AI is deployed more broadly, but primarily as an assistive tool. Employees use it to generate outputs based on inputs such as summarizing documents, drafting emails, analyzing data, or conducting research. Ryan summarizes:“More people are starting to get into that AI as a ride-along zone, where they ask questions, get answers, and it’s helping employees do their job.”
In other words, AI is helping people work faster, but it is not acting independently.
At this stage, the biggest risks shift from visibility to control. Employees are actively feeding information into AI systems and receiving outputs that may or may not be accurate, secure, or appropriate.
Key risks include:
- Sensitive data exposure through prompts
- Lack of oversight into what is being shared or generated
- Over-reliance on AI outputs without validation
Security priorities shift to:
- Monitoring prompts and responses
- Strengthening data governance
- Ensuring visibility into usage patterns.

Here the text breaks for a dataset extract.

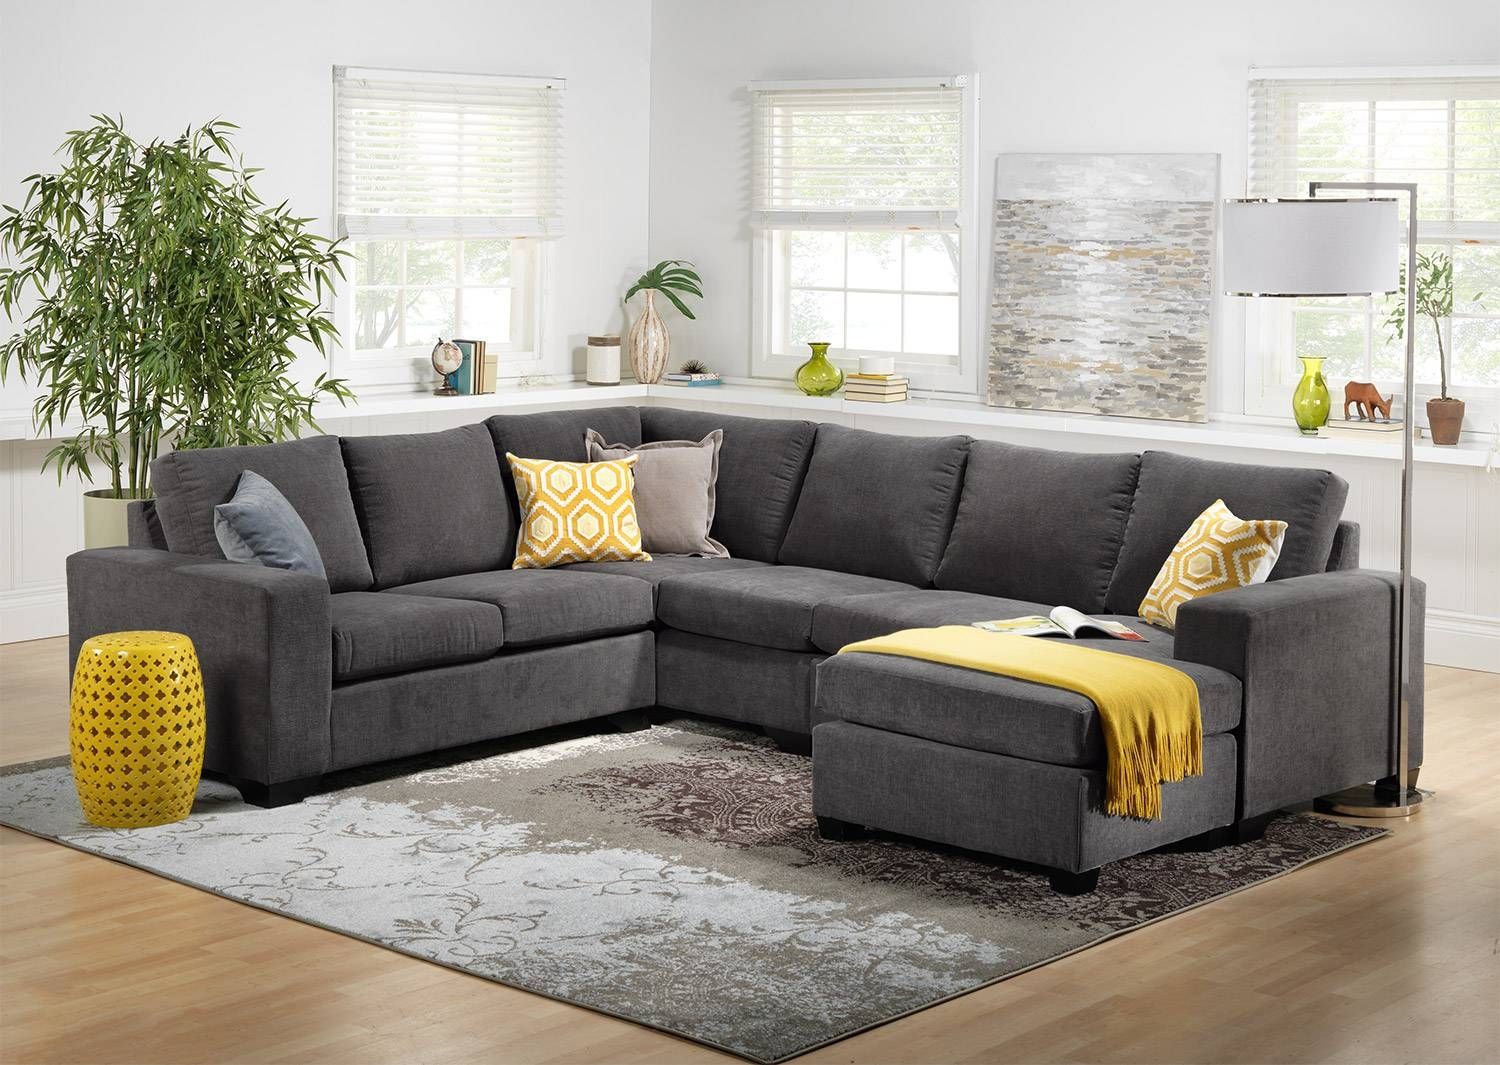 Stunning Cozy Sectional Sofas 58 For Your Couch Cover For Throughout Cozy Sectional Sofas (View 27 of 30)

Organizations that treat AI purely as a productivity boost without addressing these controls often underestimate the risk they are introducing.
Stage 3: Agentic AI
This is where AI begins to move from assistant to operator.
Instead of simply generating outputs, AI systems can now take action across workflows, applications, and business systems with limited human involvement.
While adoption is still early, momentum is increasing rapidly. Ryan notes: “Not as many are in that AI agent space, but we’re starting to see more of it.”
This stage introduces a fundamentally different level of risk. AI systems are no longer just responding but acting, and often with the same access and permissions as the users who created them.
Key risks include:
- Over-permissioned AI agents
- Lack of visibility into agent behavior
- Misaligned or unintended actions
- Workflow disruptions or business impact
Security priorities shift to:
- Identity and access control for AI agents
- Monitoring and auditing agent activity
- Establishing governance around automation
- Defining where humans remain in the loop
Organizations that underestimate these risks can quickly face unintended consequences at scale.
The Biggest Mistake: Misaligned Strategy
One of the most common pitfalls in AI adoption is applying the wrong strategy to the wrong stage.
Overengineering controls too early can slow adoption. Underestimating risk at later stages can create serious exposure.
AI is not just a technology shift but an operational one. Each stage requires a different approach to governance, security, and investment. The key is understanding where you are today and aligning your strategy accordingly.